> To do
Could you give the data below again exactly, apart from the pictures?

[[ Data shown, beginning ]]

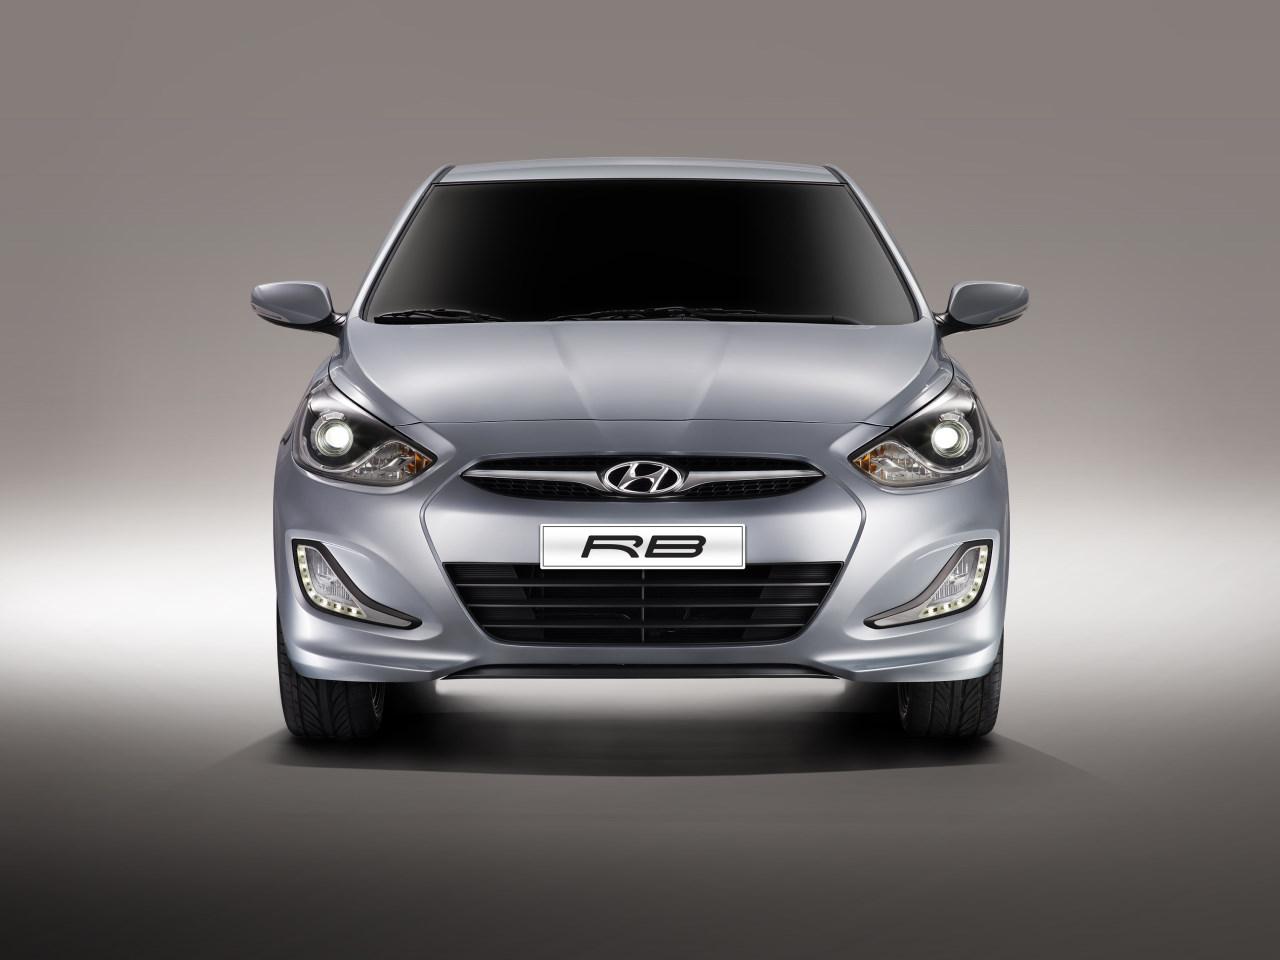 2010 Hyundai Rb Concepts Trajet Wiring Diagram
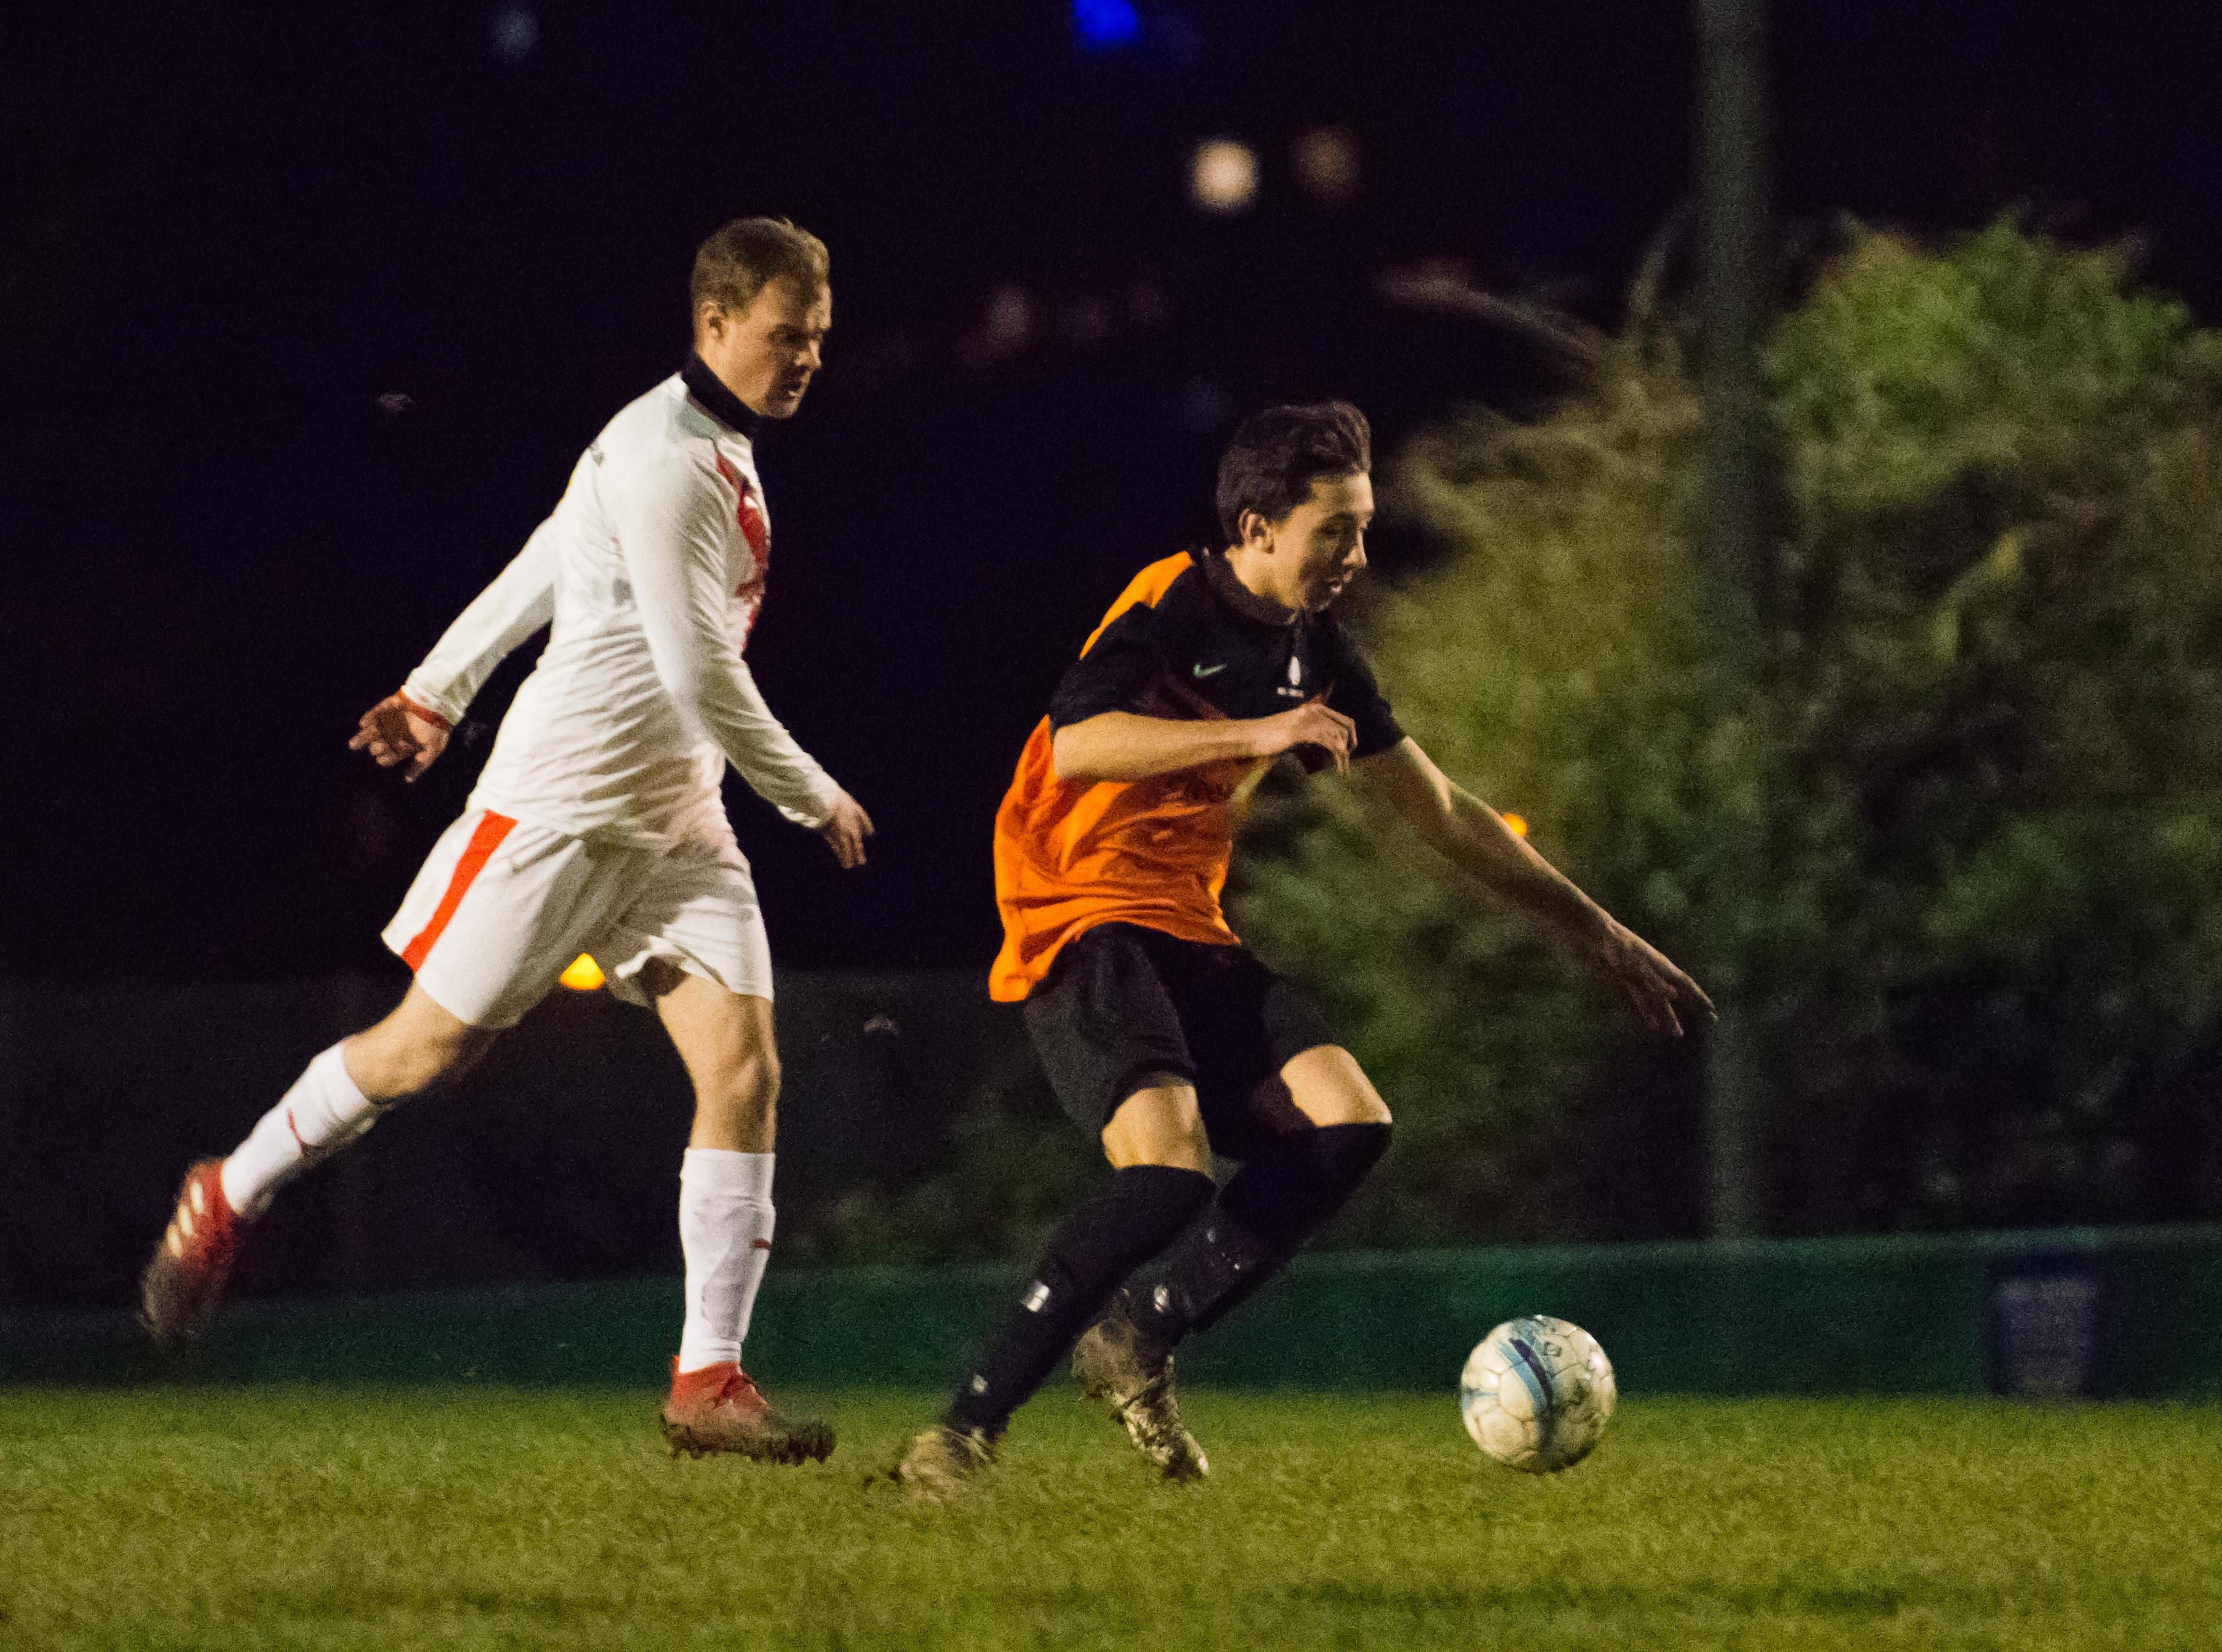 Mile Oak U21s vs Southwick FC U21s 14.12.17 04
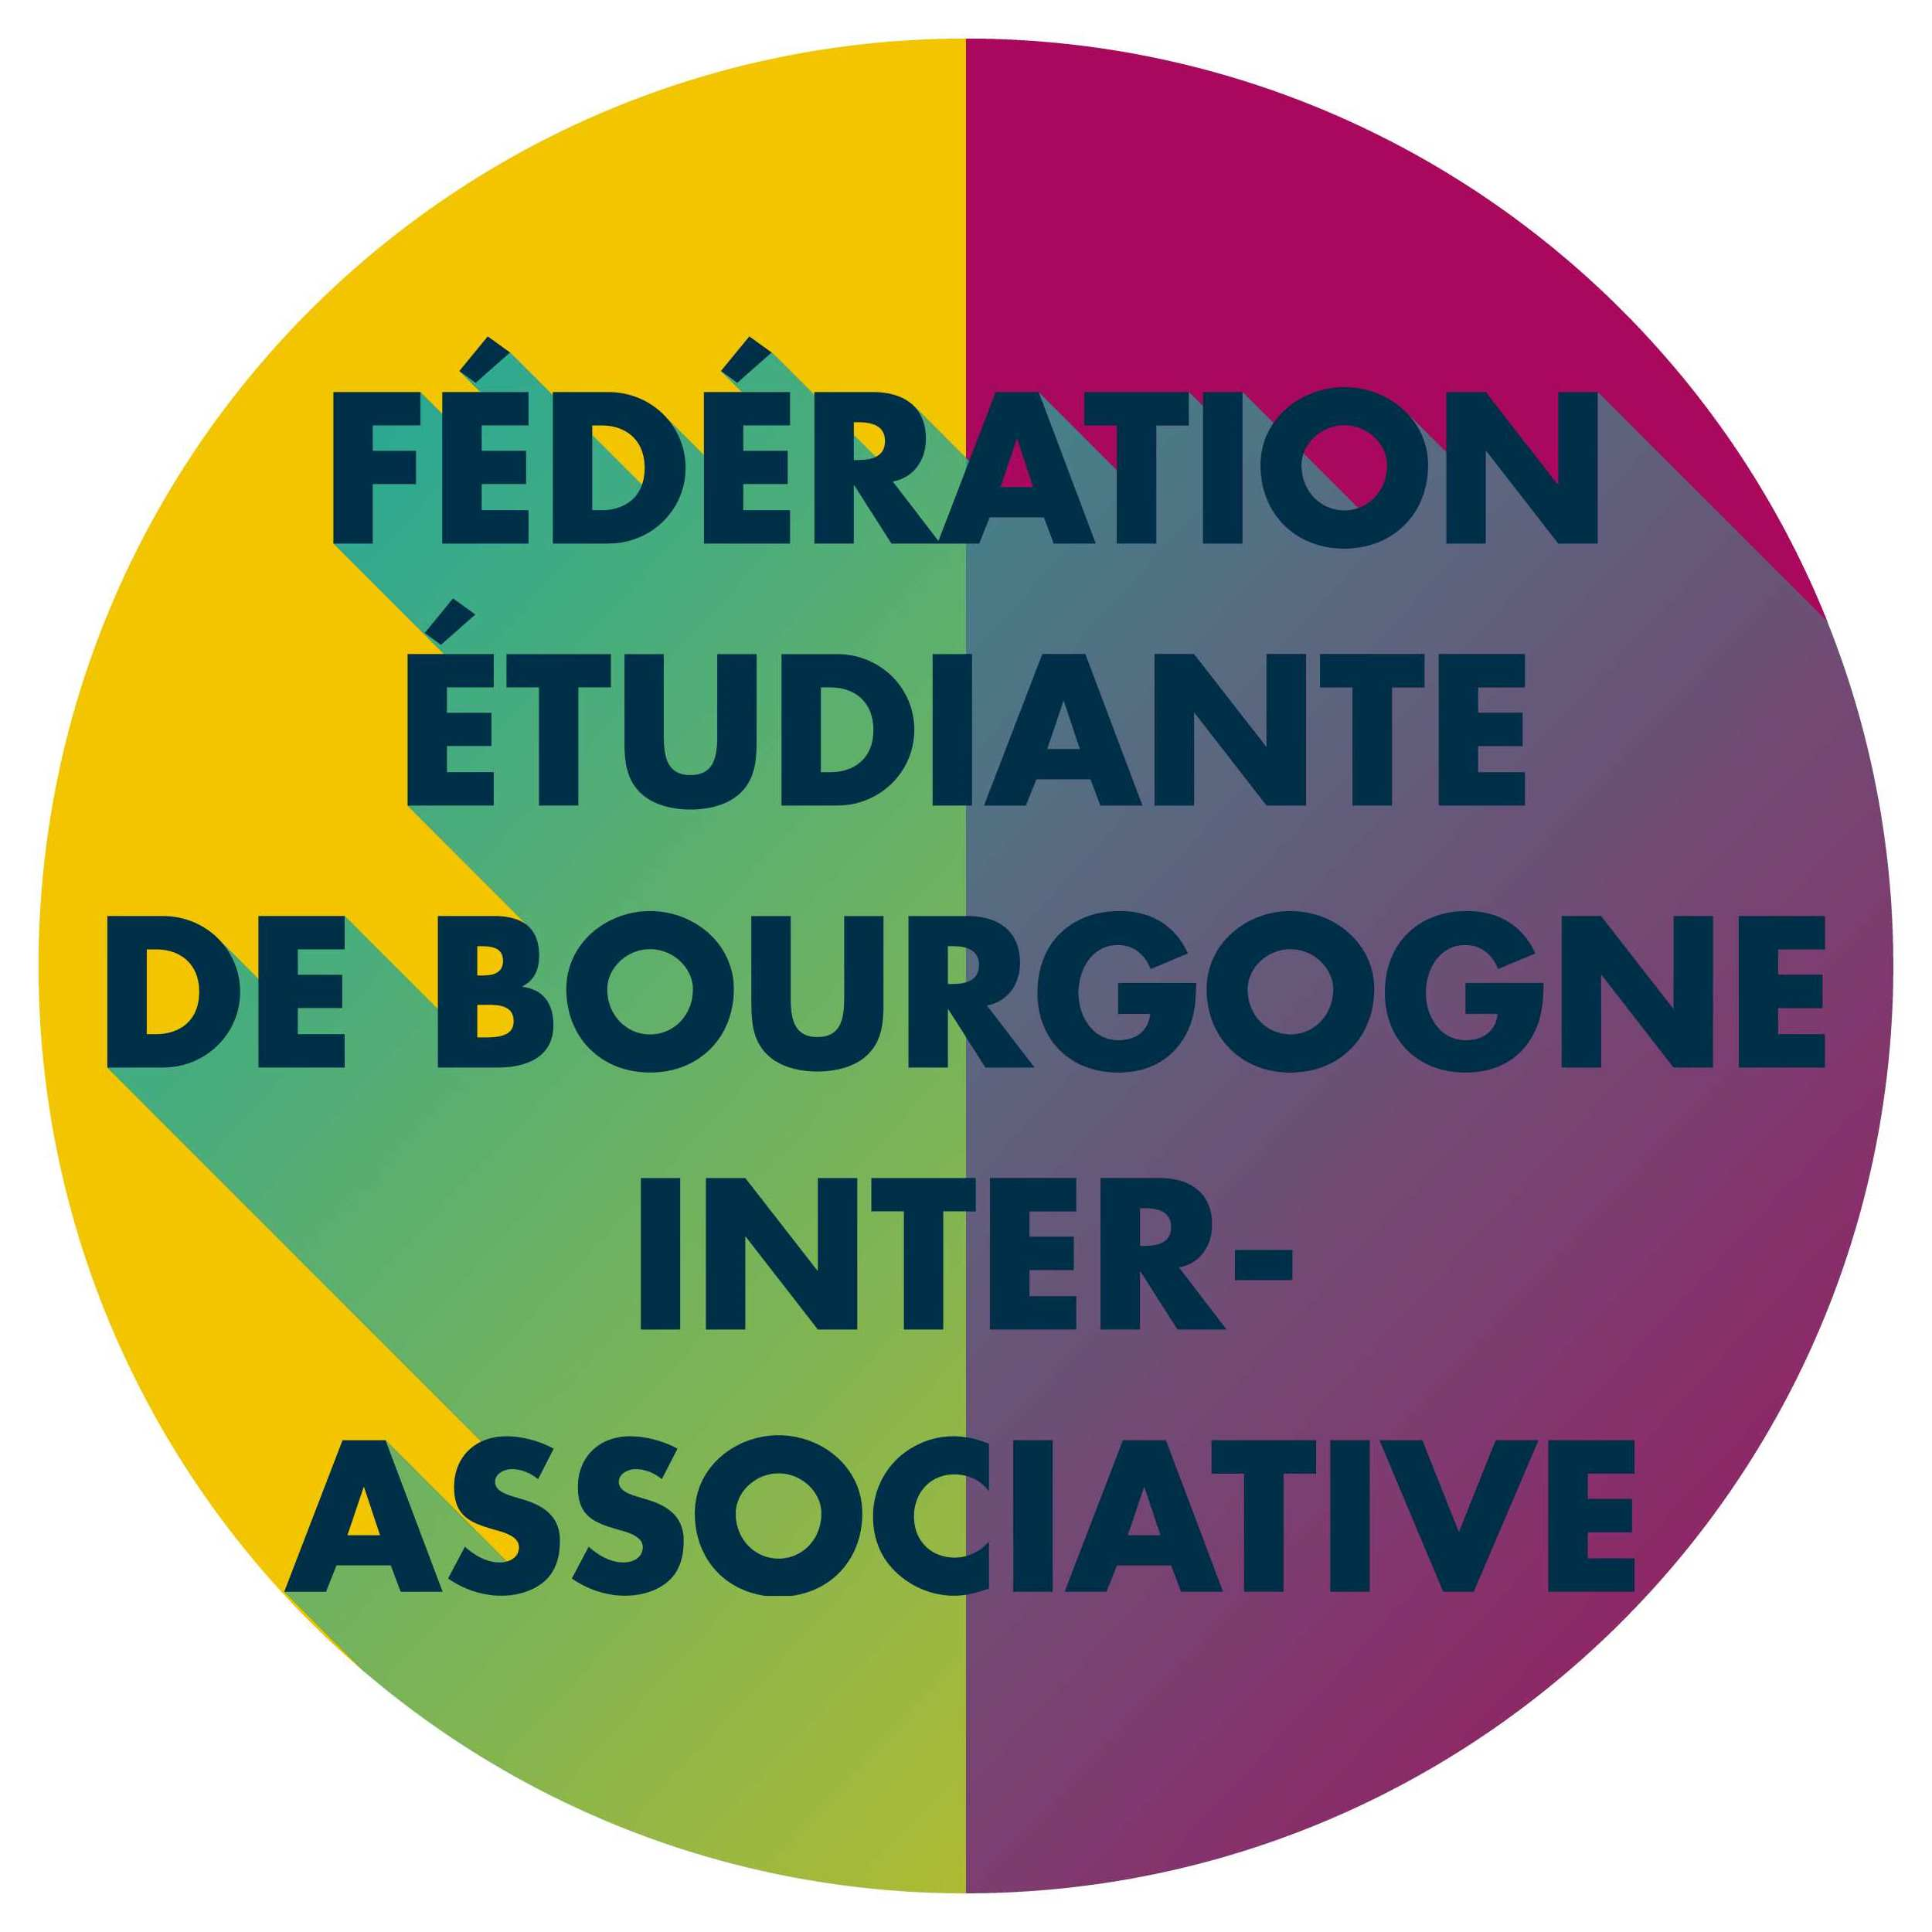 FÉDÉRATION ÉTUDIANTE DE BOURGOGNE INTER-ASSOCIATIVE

[[ Data shown, end ]]

> Task solution
 2010 Hyundai Rb Concepts Trajet Wiring Diagram
 Mile Oak U21s vs Southwick FC U21s 14.12.17 04
 FÉDÉRATION ÉTUDIANTE DE BOURGOGNE INTER-ASSOCIATIVE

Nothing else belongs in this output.